Ariel has three reds and three whites: Cabernet Sauvignon, Merlot and “Rouge,” Chardonnay, White Zinfandel and “Blanc.” In addition, there is one Ariel sparkling wine, Brut Cuvee. In the Fre corner are seven choices: White Zin, Chardonnay, Merlot, “Premium Red,” “Premium White” and two sparklers, a brut and a spumante.

While all of these wines are sold as “alcohol free,” they in fact contain as much as one-half of one percent alcohol by volume. That may not seem like much, but it was enough for our cautious friend Jan to take a pass. So she made a big dent in my Lemon Zinger sun tea supply. We served it to her in our best Riedel wine glasses. Guess what? Those two still laughed like loons.

So all of this made me wonder: “just how do they make that stuff, anyway?” The answer surprised me, because the wine is not made without alcohol. That would be impossible, really, since alcohol is a by-product of the fermentation process that gives wine its character. Rather, the wine is made in the traditional way, and then the alcohol is extracted. Each of the wineries under discussion utilizes a different patented process.

The procedure for making Fre has a very fun-sounding name.

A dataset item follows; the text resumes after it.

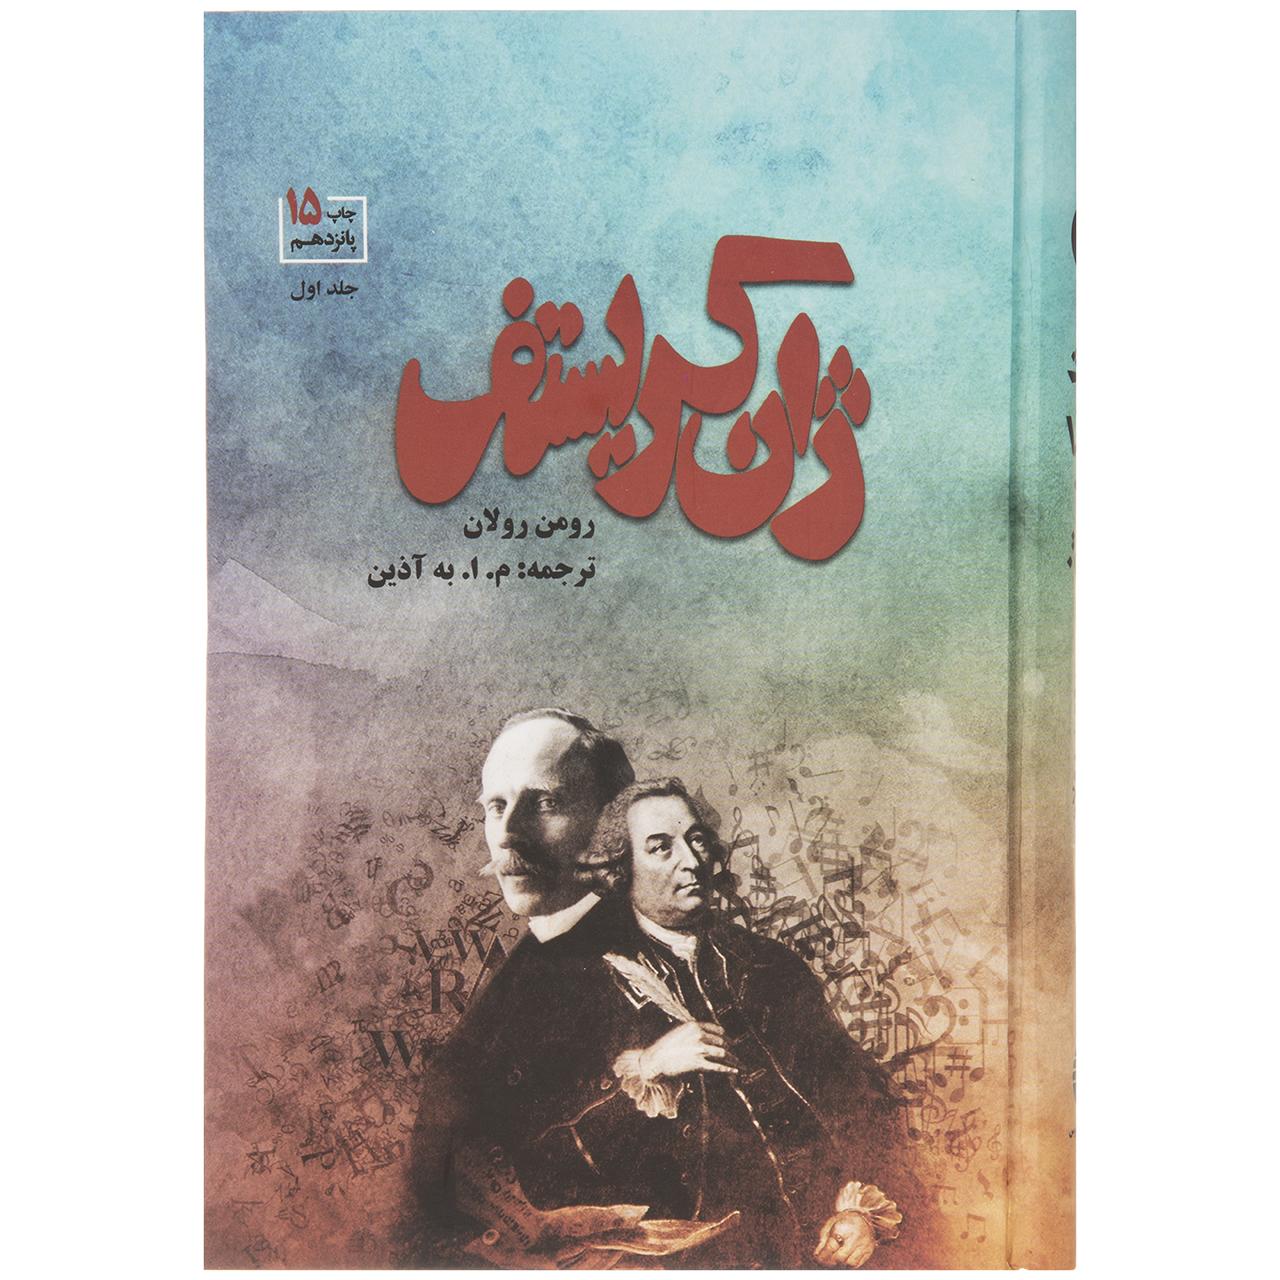 کتاب ژان کریستف اثر رومن رولان - 4 جلدی

It’s the “Spinning Cone Column.” Sounds like a ride at Great America. Ariel utilizes the more staid “Cold Filtration Process.” They do essentially the same thing in that they reduce the wine to a syrupy concentrate, remove the alcohol and then add water to bring it back to a drinkable concentration.

Fre claims that its method is superior because the spinning cones collect the wine’s “fragile aroma and flavor essences” at the beginning of the process and then reintroduces them later, after the alcohol is removed. Ariel’s process, also known as “reverse osmosis,” leaves the aromas and essences alone, and processes the whole shebang.

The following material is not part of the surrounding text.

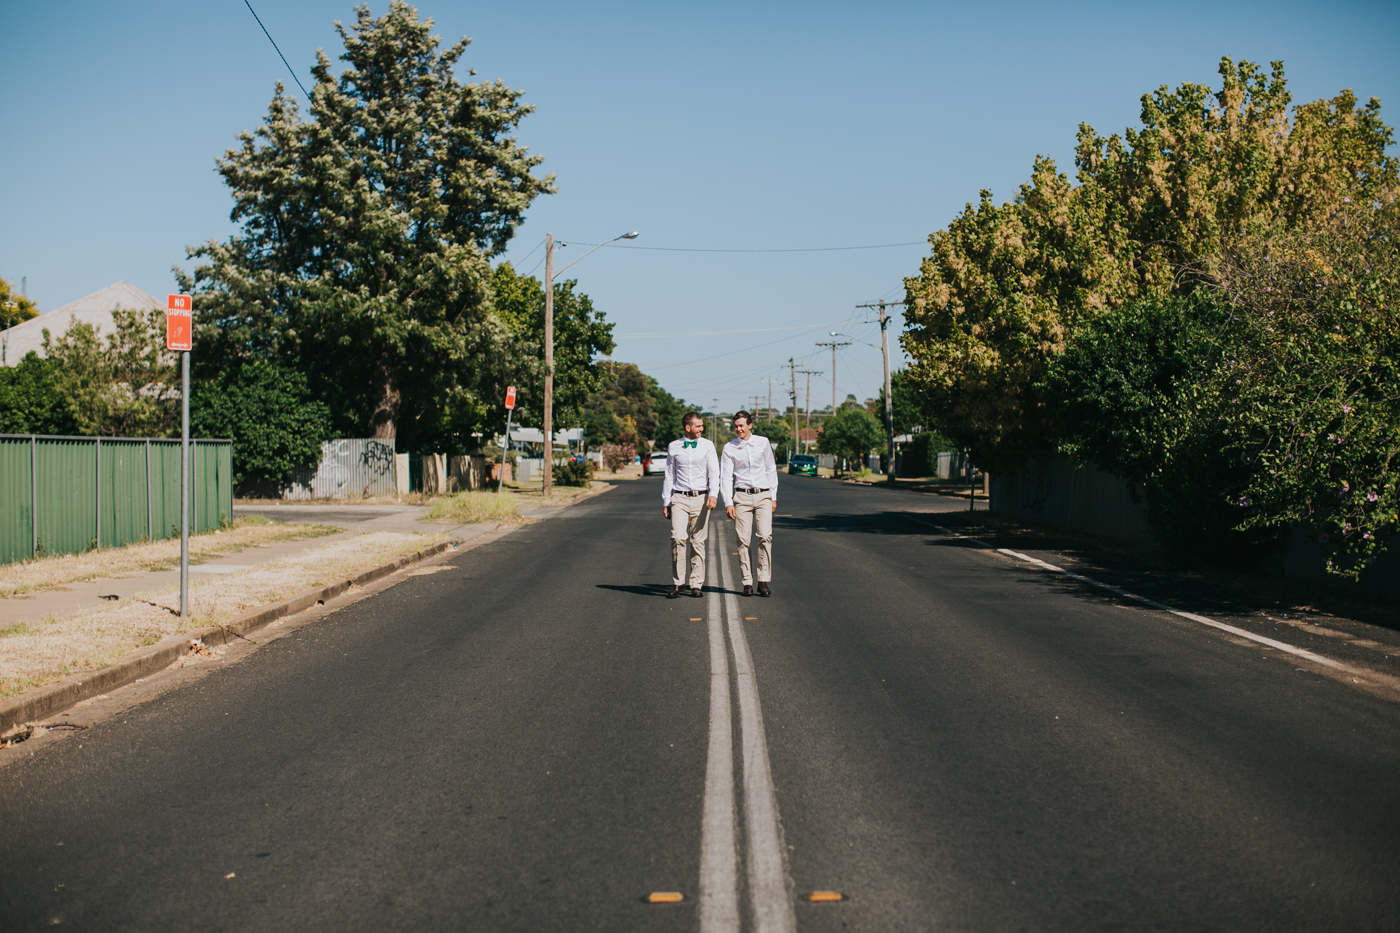 Nicolle & Jacob - Dubbo Wedding - Country Australia - Samantha Heather Photography-27.jpg

What does this stuff taste like? In the interest of the public good, I took it upon myself to buy a couple of bottles, give them a taste and report the results. Melanie and I purchased a bottle each of Fre Merlot and Ariel Blanc and proceeded to do something we would never normally do: taste wine in the middle of a work day.

We started with the Blanc. Ariel’s literature tells us that the wine is made with 85 percent premium Chardonnay and 15 percent White Riesling grapes. The tasting notes proclaim “floral aromas of lilacs and jasmine combined with peach, lavender and lychee.” Well, be that as it may, to me it tastes like a Tropical Fruit Life Saver. That’s not to say it’s bad. It’s not. I happen to love Tropical Fruit Life Savers. It’s just that it doesn’t taste like wine.

Next we tried the Merlot. During the processing of this wine, unfermented juice is added to the product after the de-alcohol process “to help retain the texture of wine and its varietal character.” I hate to say it, but this stuff has none of the texture of wine or any varietal character whatsoever. Again, it’s not that it’s bad; it just lacks the depth of flavor and nuance that is present in traditional wine.

I’m sure that these products have their place. Recently, it has been shown that alcohol-free wine has all the touted benefits of regular wine, and certainly, the fact that it has about half the calories doesn’t hurt either. And if you need to limit your intake of alcohol for medical or other reasons, I suppose it’s a reasonable alternative.

But if it were me, I would probably reach for a glass of Welch’s Grape Juice. It also comes in red and white, but doesn’t pretend to be something it’s not. Or I’d see if there’s any Lemon Zinger left.